Sat, Jul 05, 2008

Nation

Firing staff isn't best solution for 'failing' schools, study finds

Bloomberg News
Tucson, Arizona | Published: 02.28.2007
Schools forced to reorganize because of poor performance under the U.S. No Child Left Behind law are more likely to improve if they change teaching practices rather than firing staff, according to a study in California.
The findings may pose another challenge to the Bush administration, which is asking Congress to toughen the No Child law by reducing the options for schools that fail to meet testing standards. President Bush is seeking congressional renewal of the five-year-old law this year.
Half of the California schools that kept their staffs and took steps such as hiring teaching coaches met their English-language testing targets the following year, the Washington-based Center on Education Policy said in a report released today. That compares with a 44 percent success rate among all failing schools, and 32 percent among those that replaced staff.
"The more complex changes seem to bring about better results than the simplistic changes like firing staff," said Jack Jennings, president of the group. The center is funded by donors including the Carnegie Corporation, the Bill and Melinda Gates Foundation and the William and Flora Hewlett Foundation.
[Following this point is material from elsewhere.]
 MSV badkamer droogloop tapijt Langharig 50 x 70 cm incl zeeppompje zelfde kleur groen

The findings are similar to recommendations by a commission assembled by the Aspen Institute, a Washington-based policy study group, after a year of studying the No Child law.
The law's sanctions should focus "on improving instruction and learning in schools, rather than making structural changes to the management and operation of districts," the Aspen Institute commission said in final report this month.
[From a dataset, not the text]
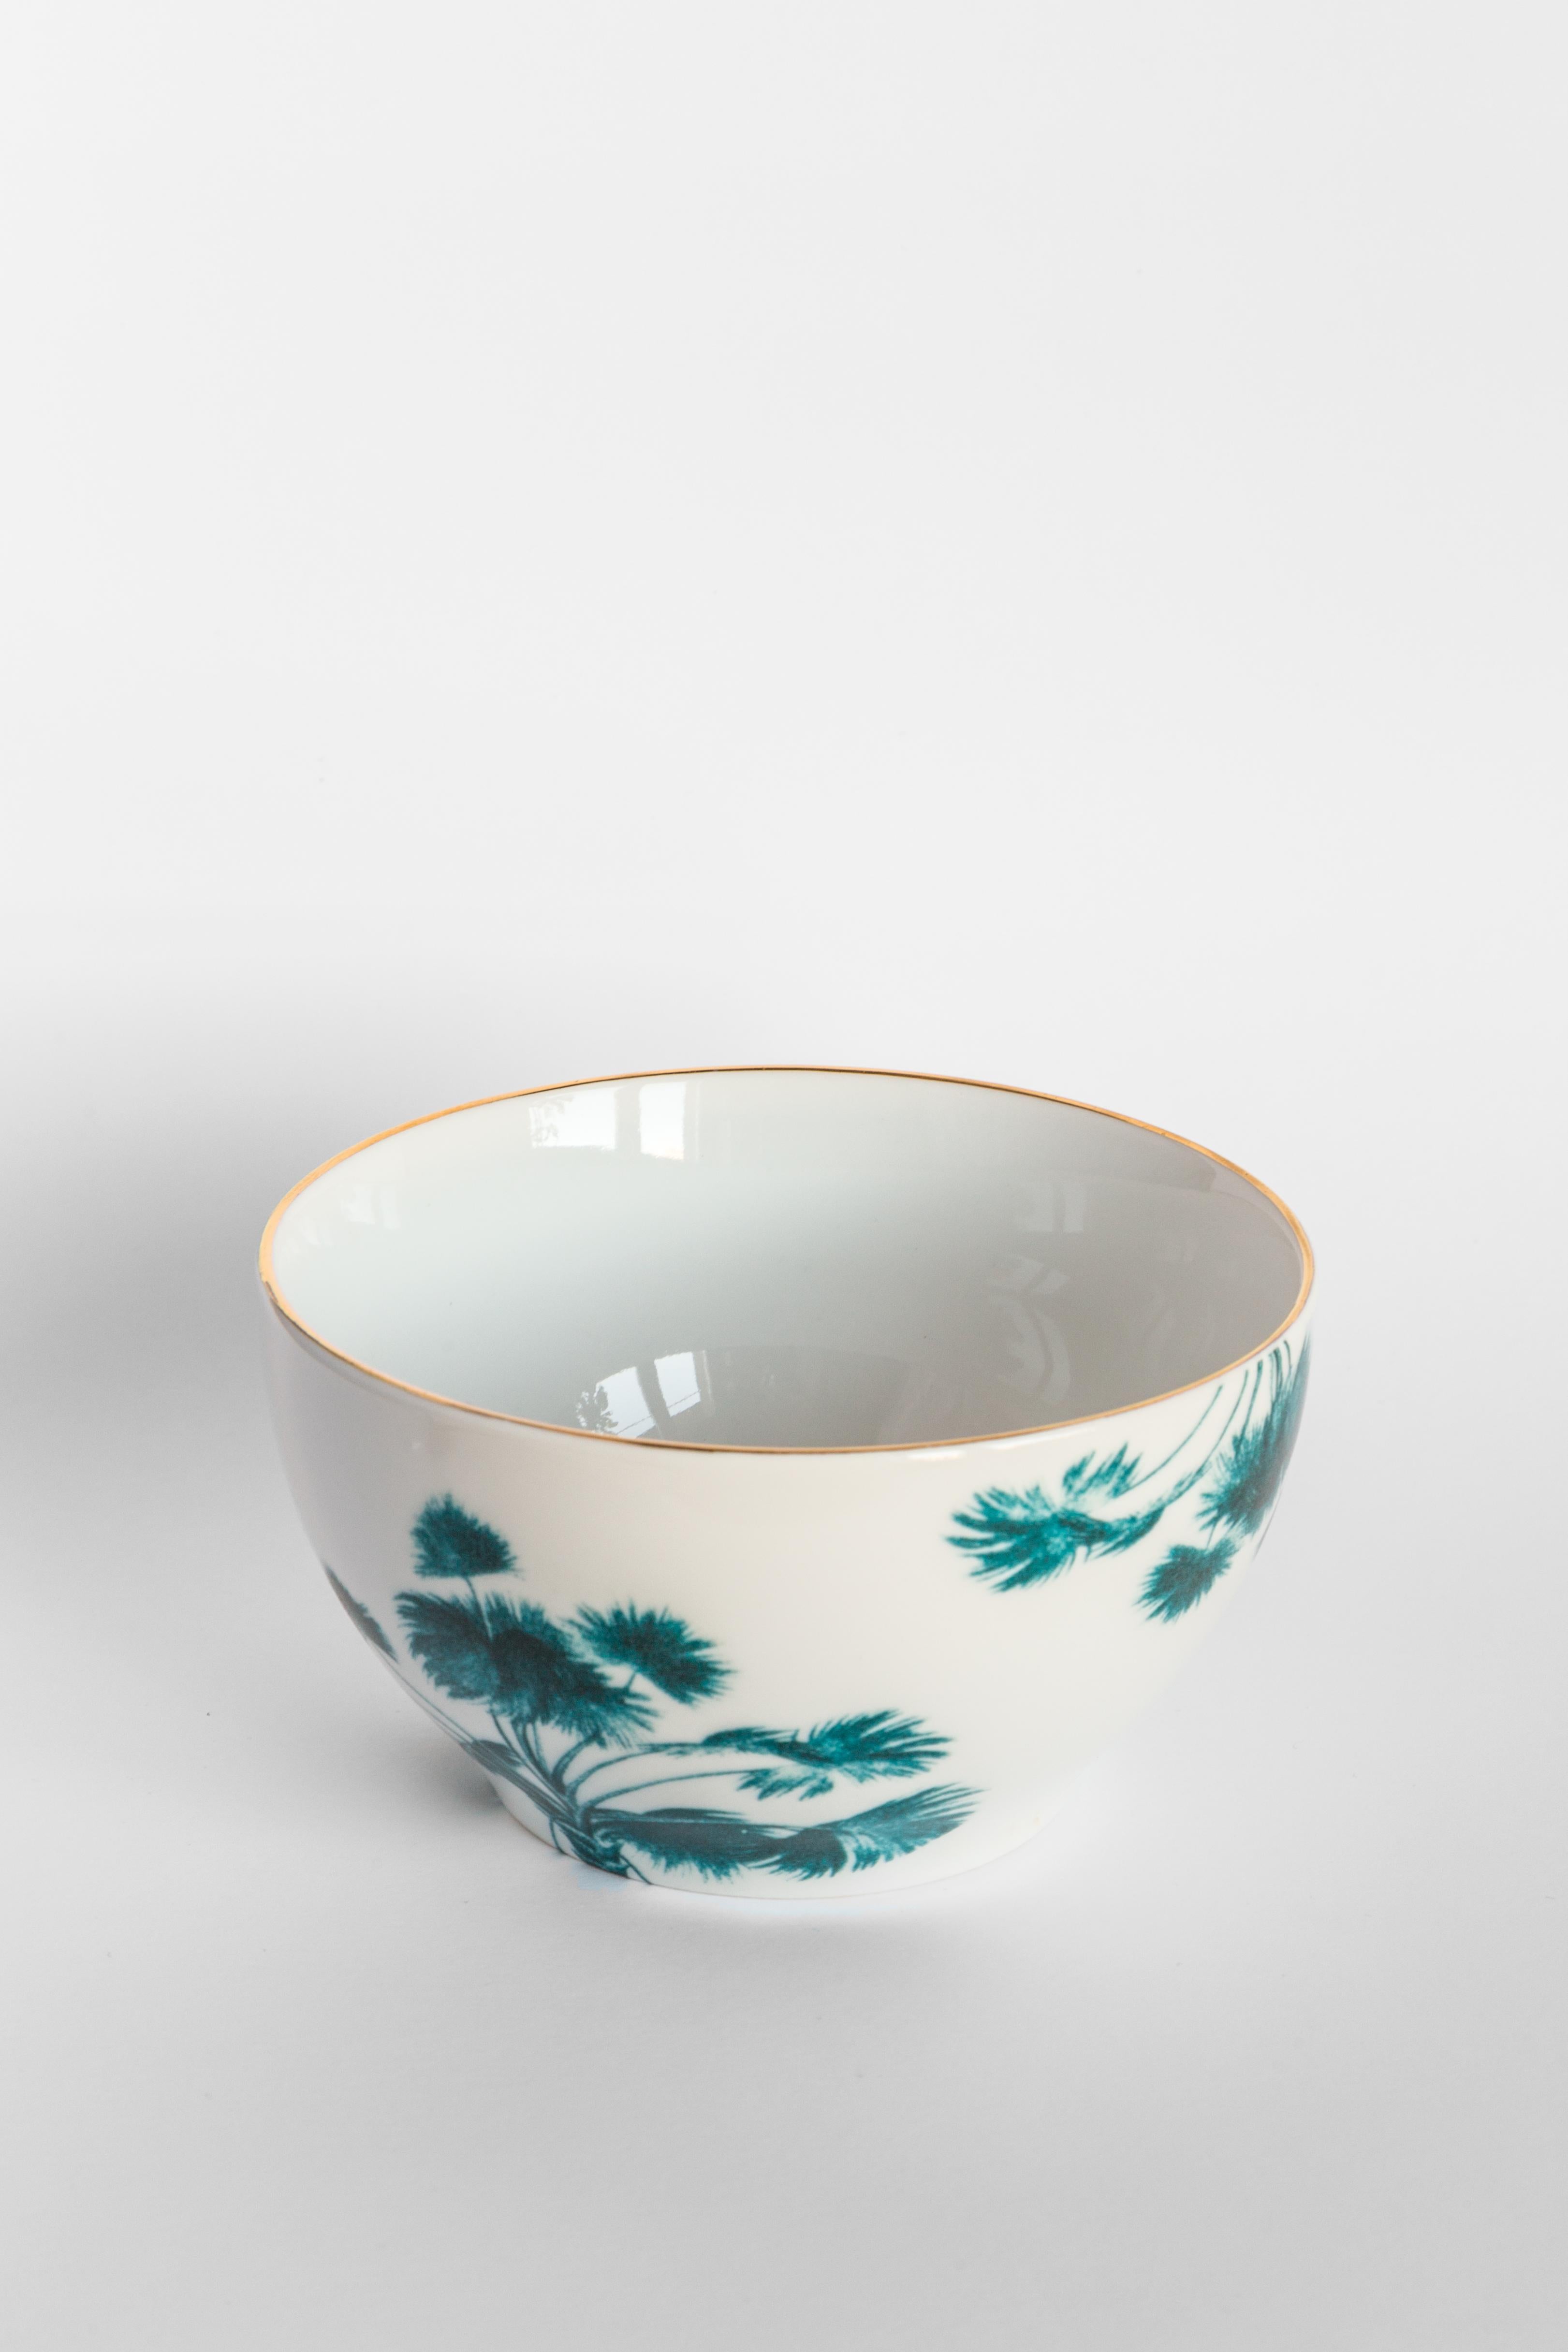 Molded Las Palmas, Six Contemporary Porcelain Bowls with Decorative Design For Sale

Research on solutions for schools deemed to be failing under No Child isn't definitive because the most severe performance-improvement steps are in their early stages, Jennings said.
The Bush administration says the No Child law is a way to ensure that all grade-school students reach minimum competency levels in subjects such as math and reading by 2014.
The Bush administration, in its proposals to Congress this year, recommended that schools reaching the restructuring phase "be required either to make substantial changes in staff or to reconstitute the schools' governance structure."